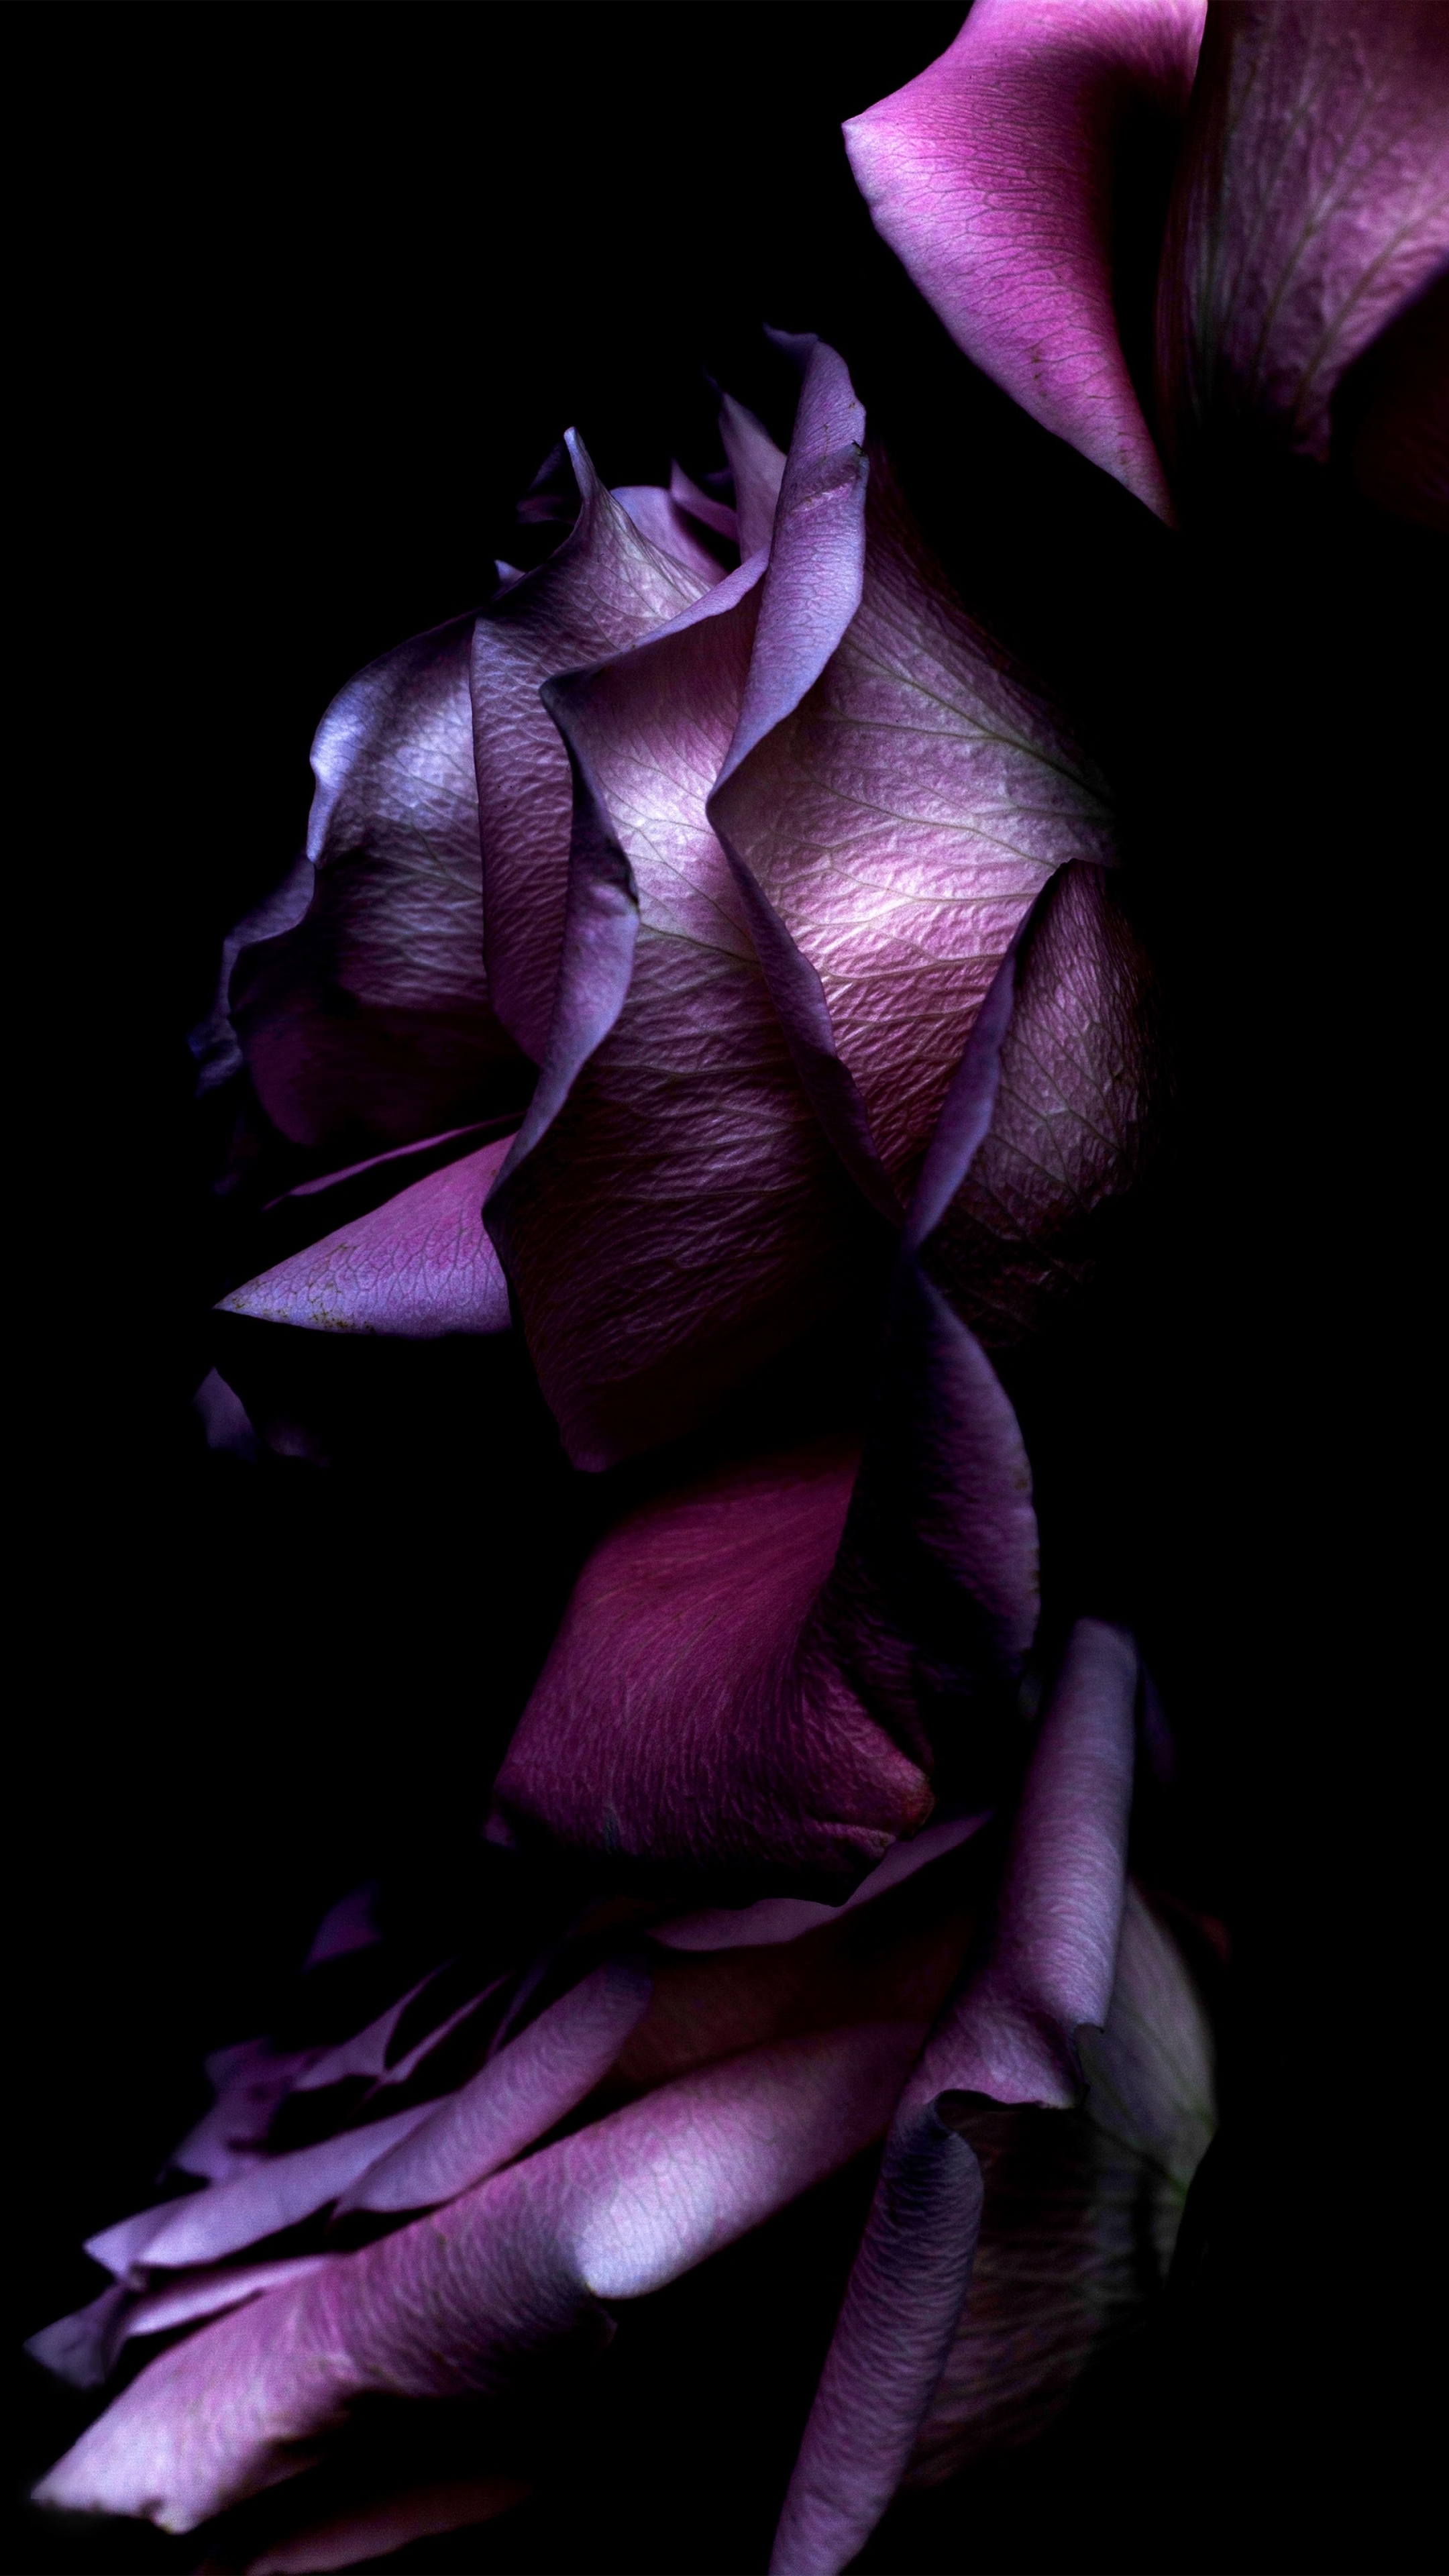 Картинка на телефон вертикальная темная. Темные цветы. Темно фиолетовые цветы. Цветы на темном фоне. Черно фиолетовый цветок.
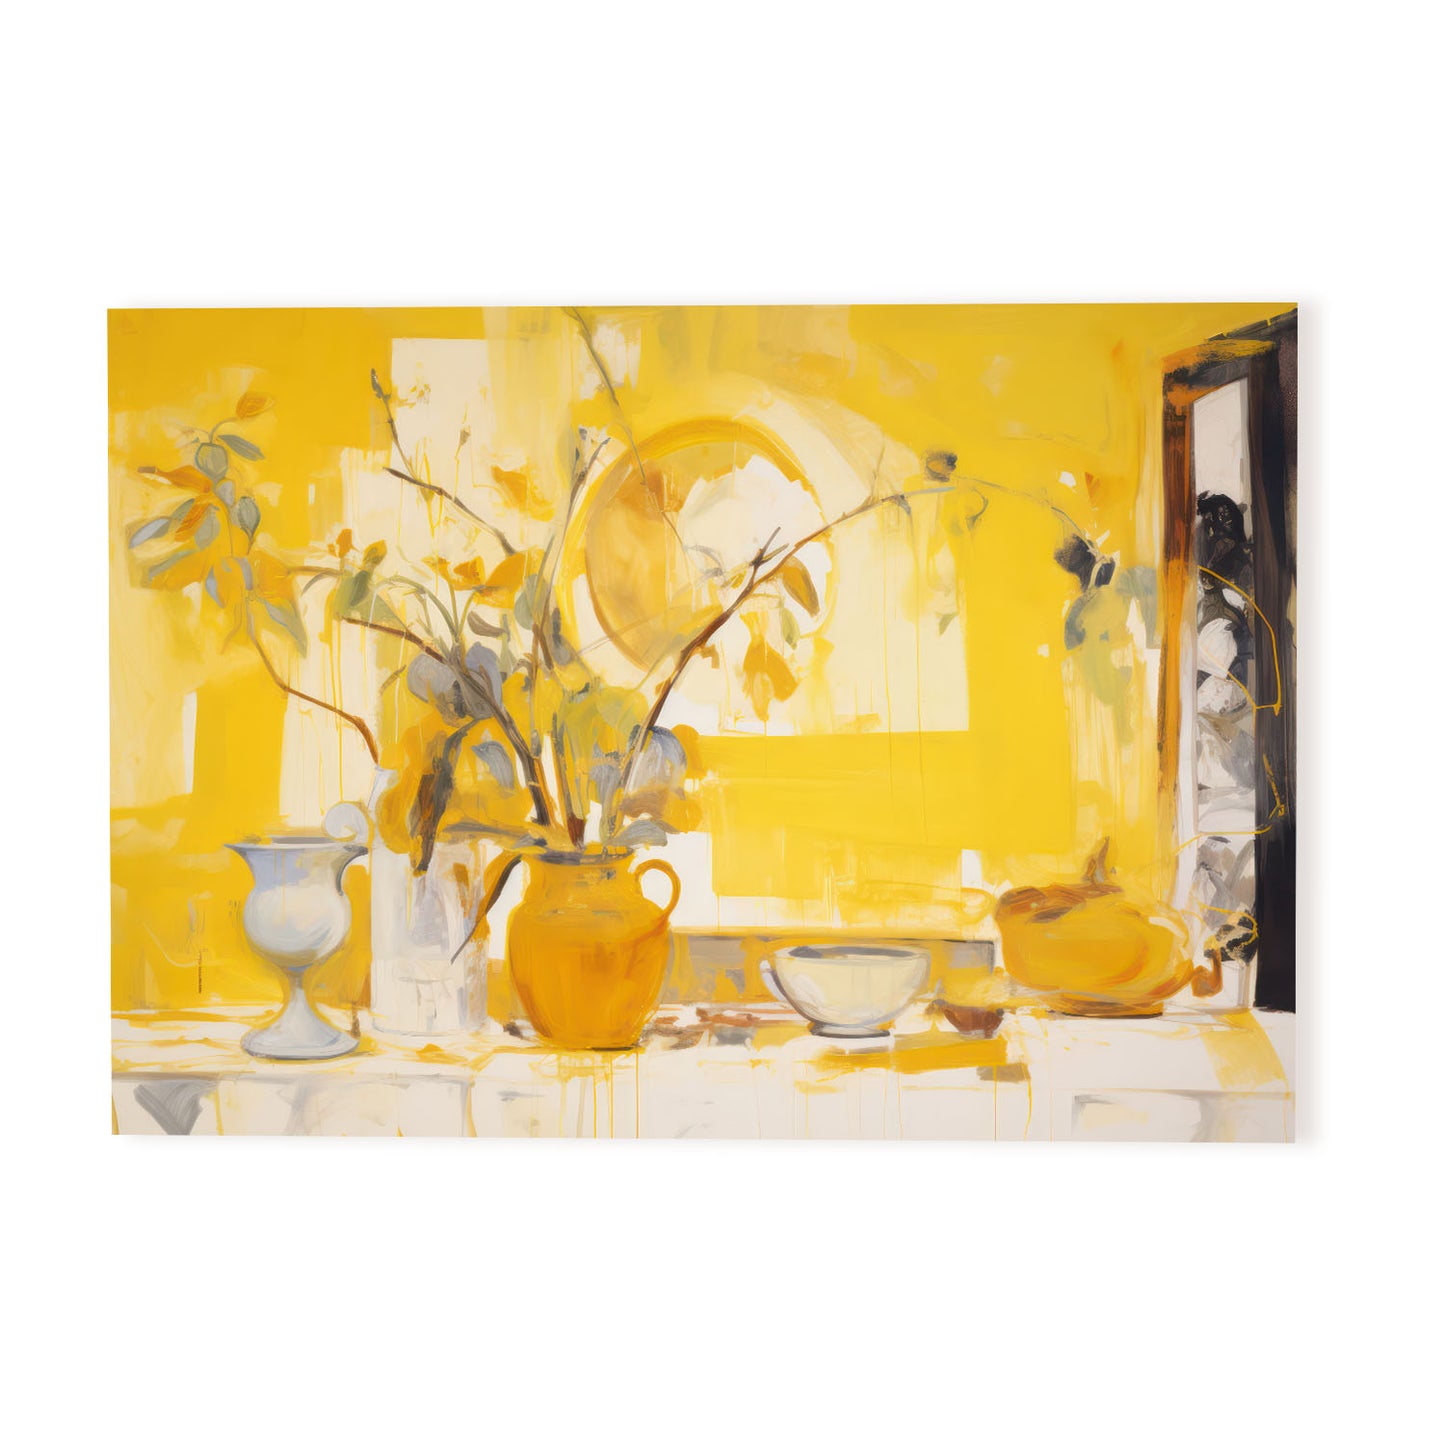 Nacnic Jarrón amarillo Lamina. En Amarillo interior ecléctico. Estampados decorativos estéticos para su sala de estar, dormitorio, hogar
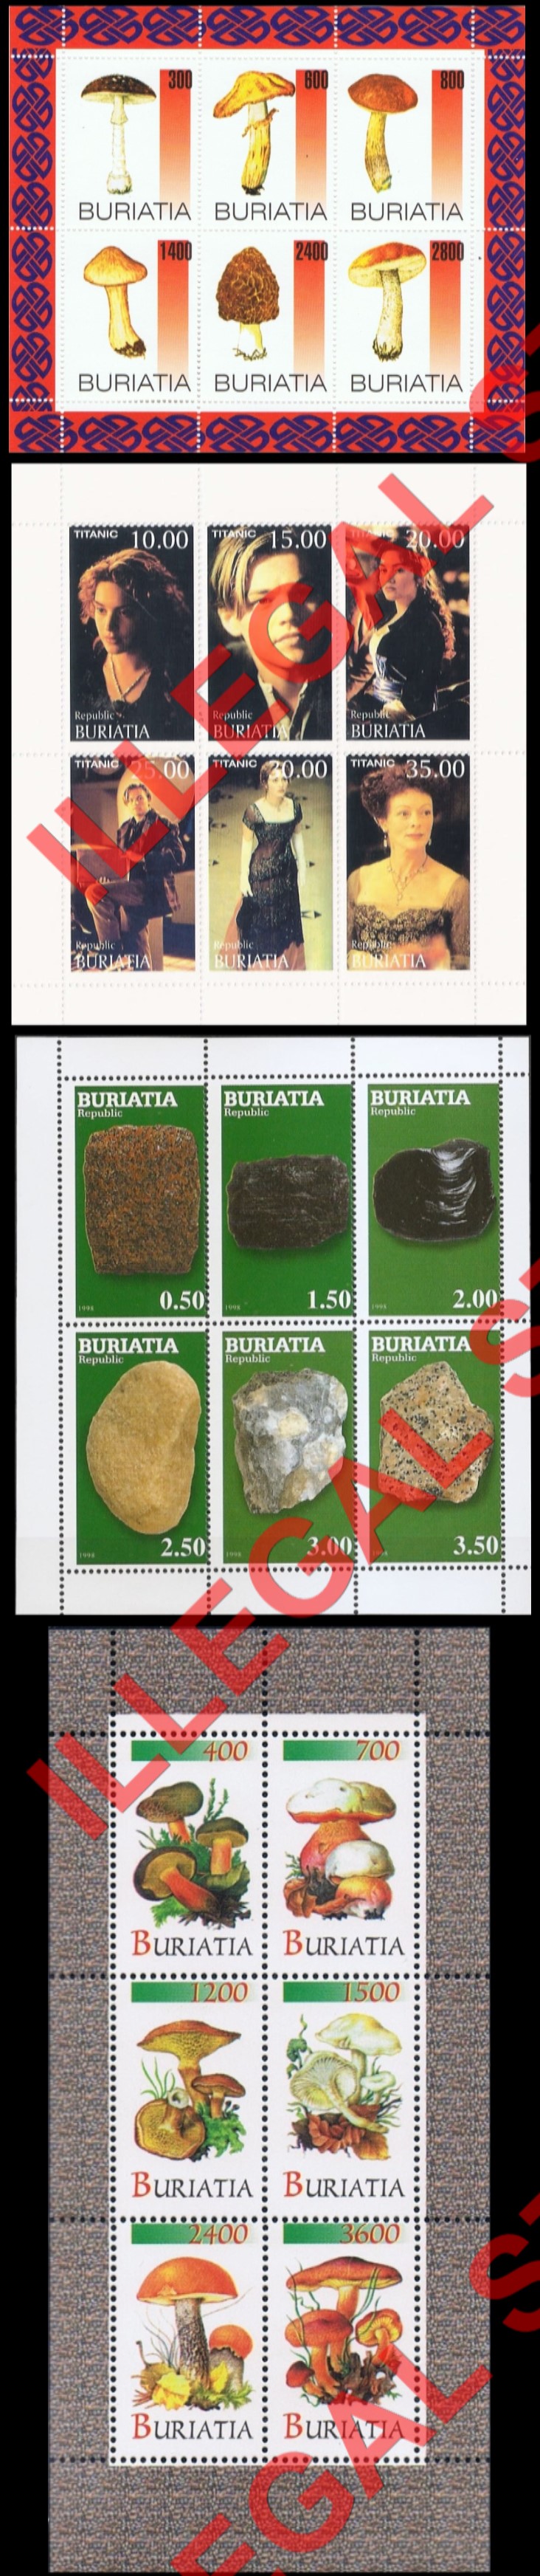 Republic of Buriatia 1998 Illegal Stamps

> _DIRECTIONS_
Please restate the whole listing exactly, without any of its pictures.

> _FINISHED TASK_
 Картинка на телефон вертикальная темная. Темные цветы. Темно фиолетовые цветы. Цветы на темном фоне. Черно фиолетовый цветок.
 Nacnic Jarrón amarillo Lamina. En Amarillo interior ecléctico. Estampados decorativos estéticos para su sala de estar, dormitorio, hogar
 Republic of Buriatia 1998 Illegal Stamps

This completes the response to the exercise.